Today, more than ever, fleet managers must be goal-oriented in all aspects of fleet management. But, in an era of doing more with less, it is important to select your goals wisely.
Focus on the Internal Customer
Your No. 1 goal must be to better serve your internal customers. A proactive fleet manager is intimately aware of the services provided by user departments and what’s needed to fulfill them. They listen to all user departments to understand their objectives. Therefore, in all fleet-related decisions, these fleet managers implement programs that contribute to the achievement of their customers’ goals and anticipate changes in their work environment. Since your primary objective is to manage the fleet to support the objectives of the user groups you support, it requires a customer service mindset, with all work viewed from the customers’ perspective.
How do you measure customer satisfaction? What are the metrics used to measure the performance of fleet operations? There is a quantifiable dollar value associated with customer service. Every hour of downtime costs your organization real dollars in lost productivity. If your fleet organization can’t quantify its performance to management and elected officials, they, most likely, will not understand (nor appreciate) the value of the services you are providing. This lack of understanding is often the catalyst for inquiries that put fleet managers on the defensive, attempting to justify their performance. Fleet managers should not assume management understands their business and knows they are doing a good job. If truth be told, many fleet managers are not vocal enough about their achievements and management is not fully cognizant of their contributions to achieving these goals. Fleet managers are constantly dealing with the newly elected “fleet expert” politician who assumes the fleet is not run efficiently or cost-effectively.
To demonstrate fleet operations is competitive, you must develop performance measures accessible for review by all. It is crucial to educate others, especially management and elected officials, about the fiscal impact of a well-maintained fleet. It is one thing to make a list of everything your team has done, but it is an entirely different matter to show how those accomplishments have affected your political sub-division as a whole. Nowadays, stating all you did is no longer sufficient. You are competing for limited funds and you must demonstrate the value your team brings to the entire organization.
Fleet managers can also increase fleet operation accountability and performance by organizing fleet user com-mittees to address operational issues that arise between fleet operations and user departments. You need to keep feeding metrics back into your processes to continually improve fleet’s performance. Metrics can modify behavior. Push your metrics to your user group customers to show how they can improve departmental efficiency and make fleet more cost-effective. Furthermore, all proactive fleet managers establish cooperative, working relationships with all internal user groups relying on fleet operations, no matter how challenging the personalities are of some individuals. Maintaining an efficient fleet is not a goal, but a never-ending journey.

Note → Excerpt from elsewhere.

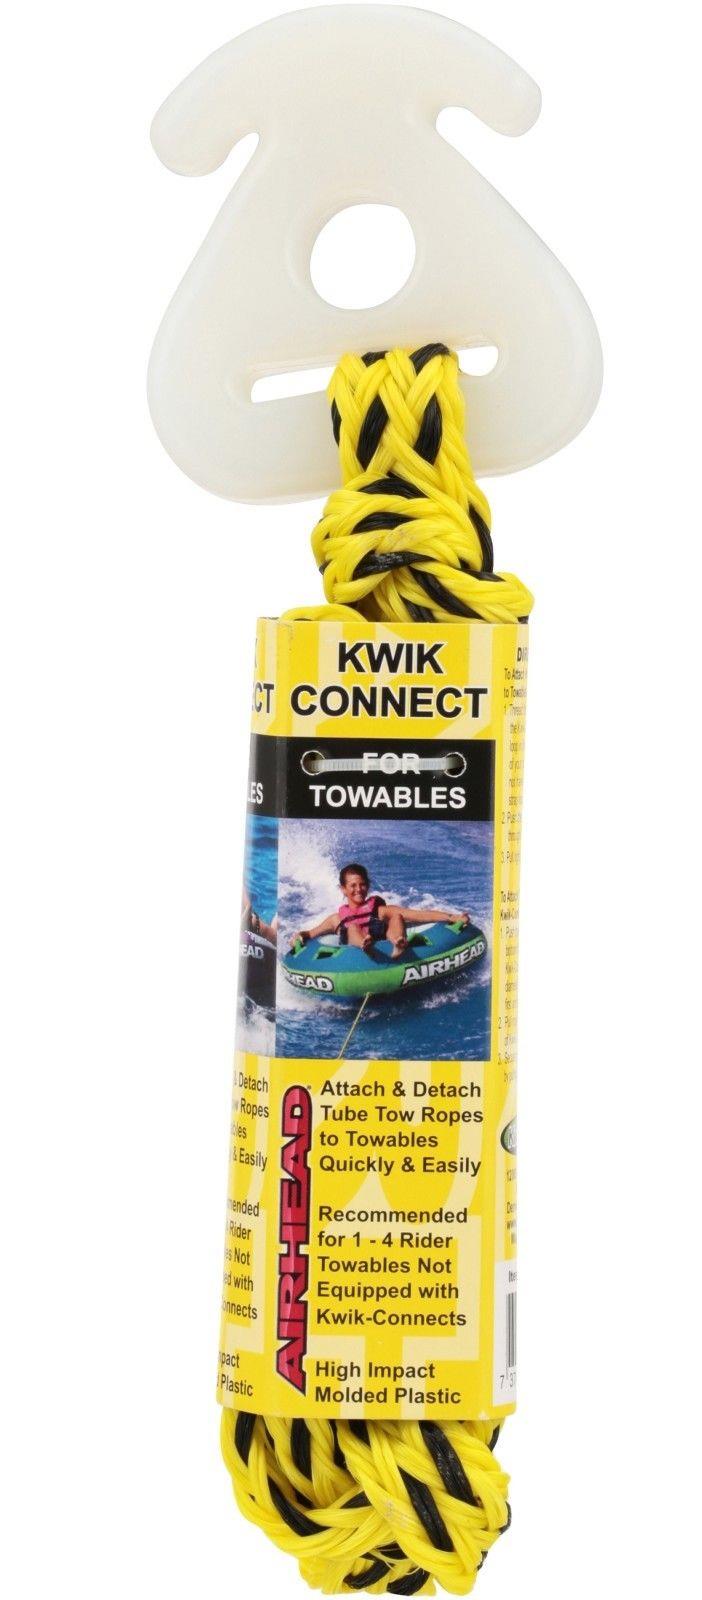 Airhead Kwik Connect Boat Tube Tow Ropes Recommended for 1 to 4 Rider Towables
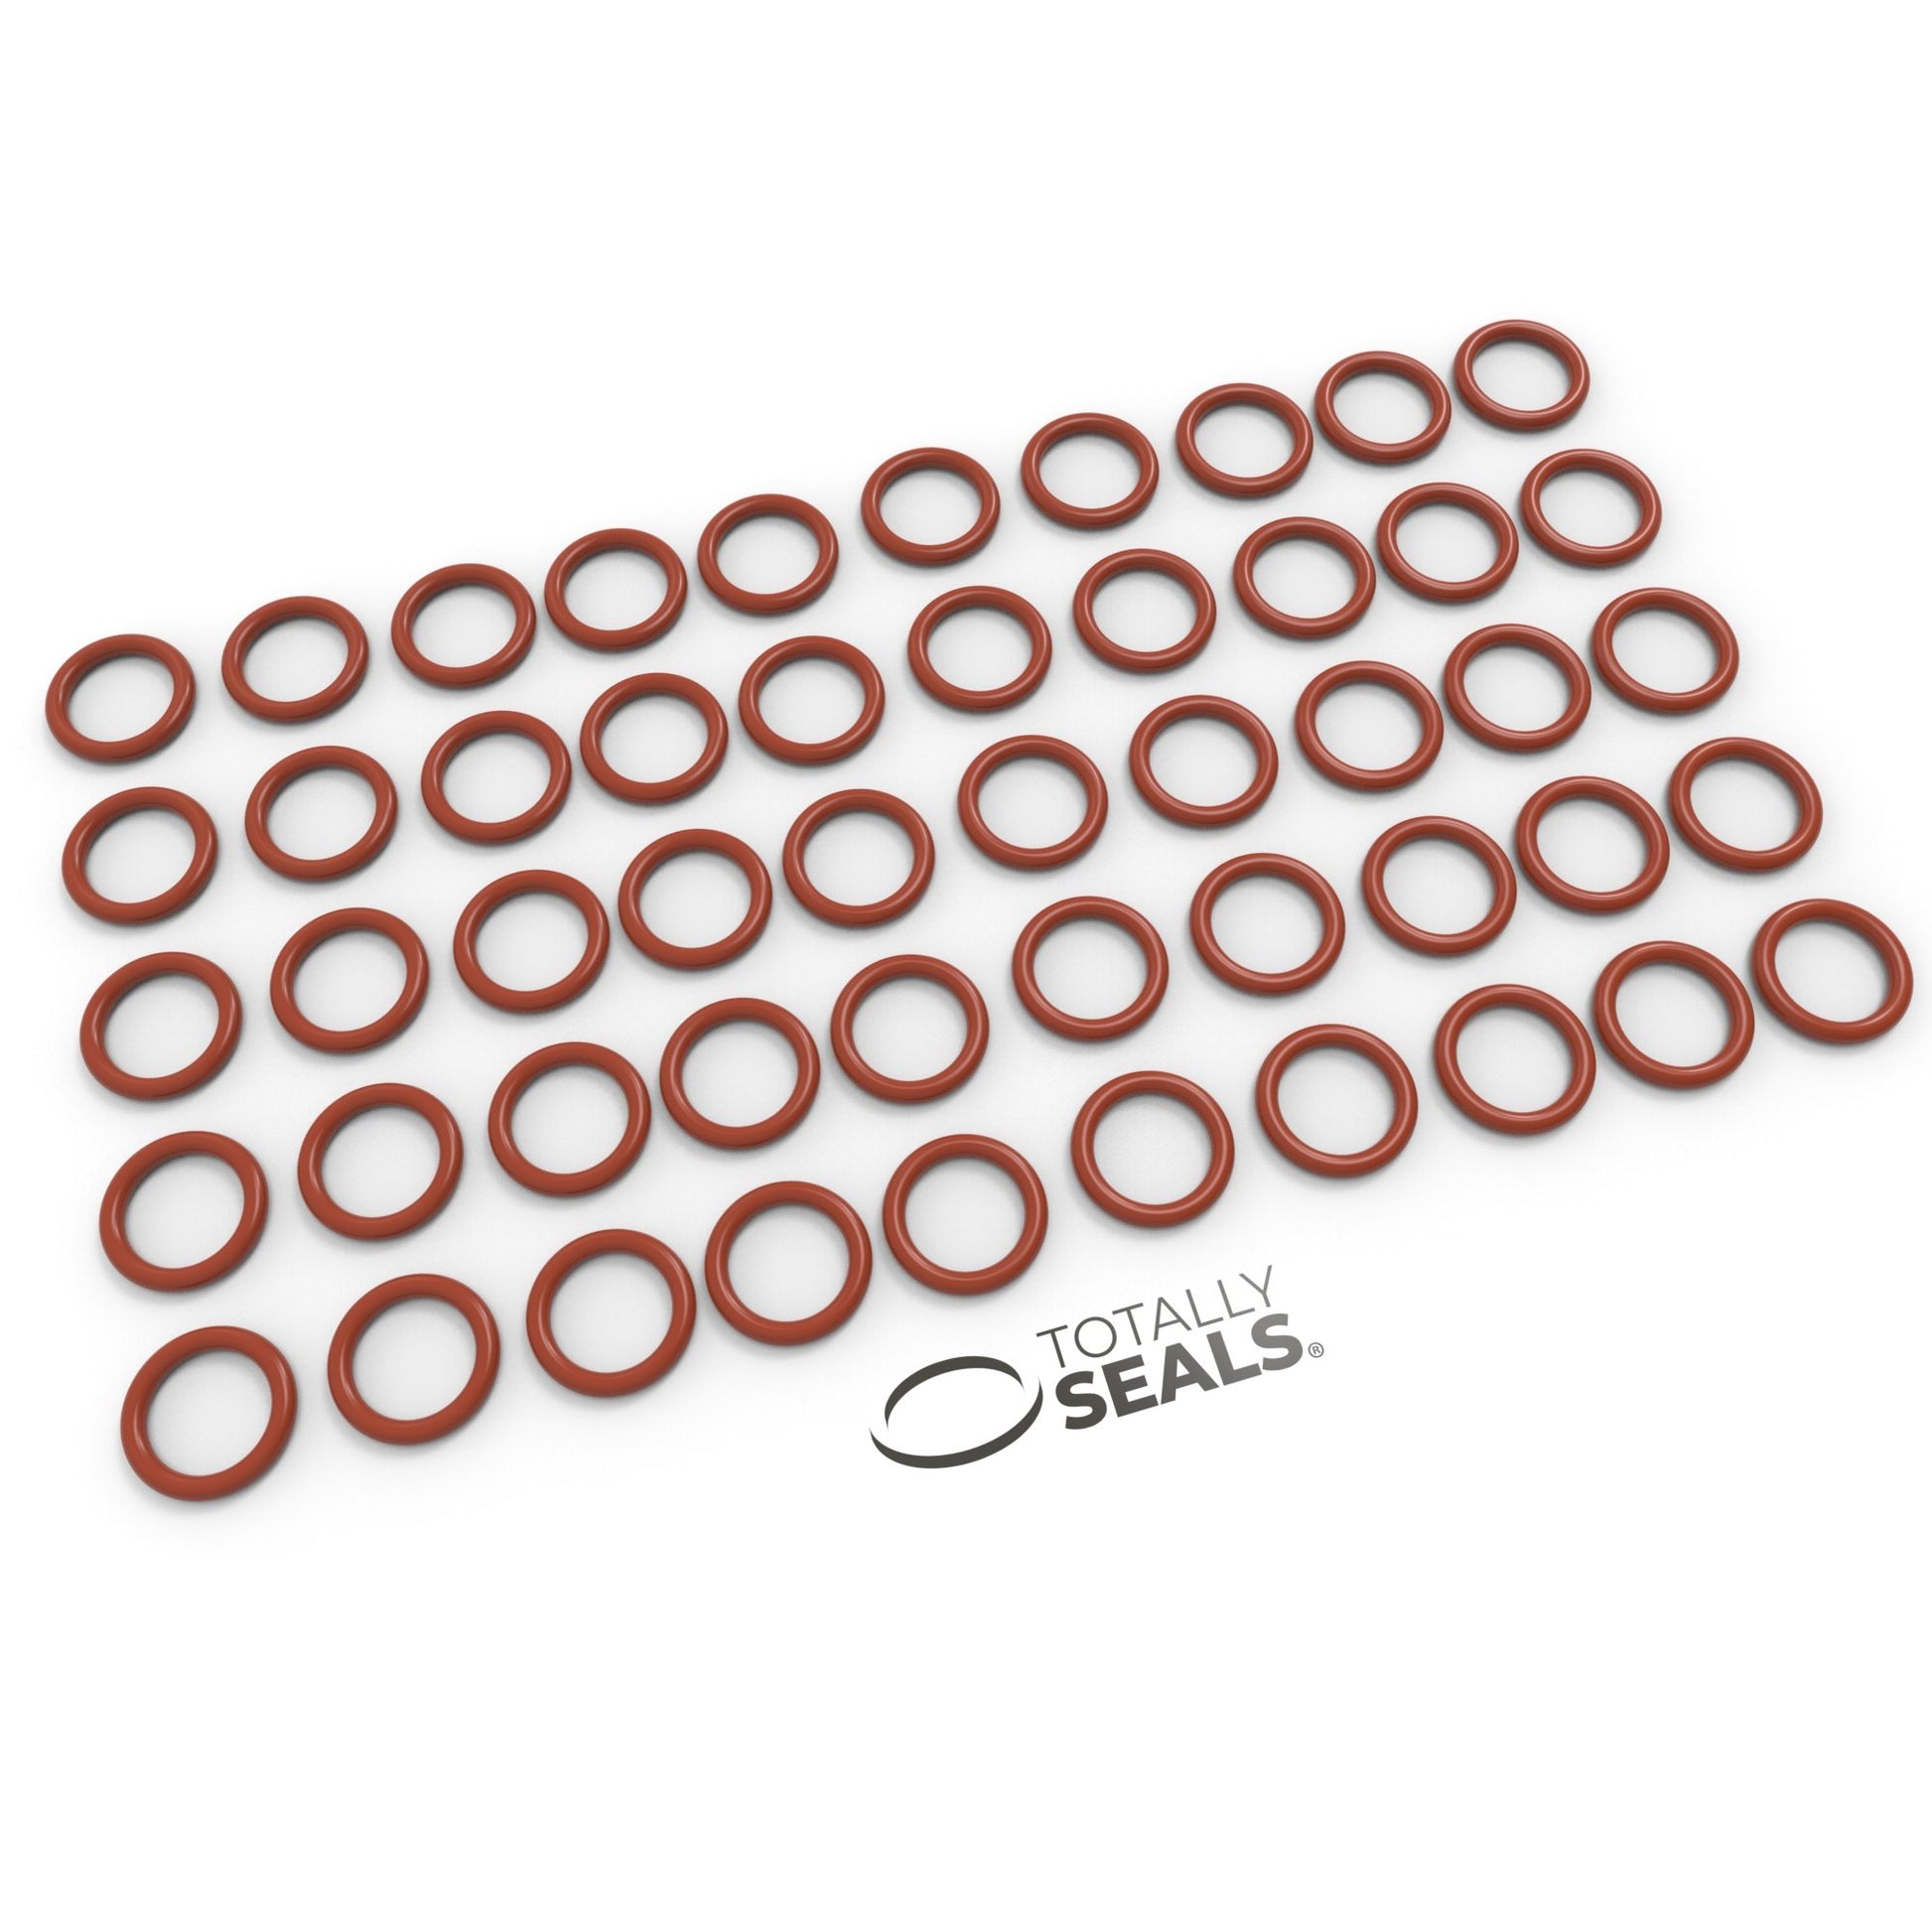 12mm x 2mm (16mm OD) Silicone O-Rings - Totally Seals®

Nothing creates more credibility than for senior management to hear other departments compliment fleet operations on the quality of customer service they receive. But, to receive the praise, you must earn it.
Fleet’s Greatest Asset
With today’s anemic tax base, fleet managers are under ongoing pressure to reduce expenses by proactively seeking to maximize the productivity of each asset at the lowest possible cost. A fleet manager can validate his or her importance day-in and day-out by cost-effectively managing millions to tens of millions of dollars of assets to provide the services taxpayers demand and need.
In the final analysis, proactive fleet managers can save substantial taxpayer dollars by implementing effective fleet policy, maximizing fleet utilization, right-sizing the fleet, and optimizing user department productivity. To accomplish this, you must be proactive, not reactive, in your approach to fleet management.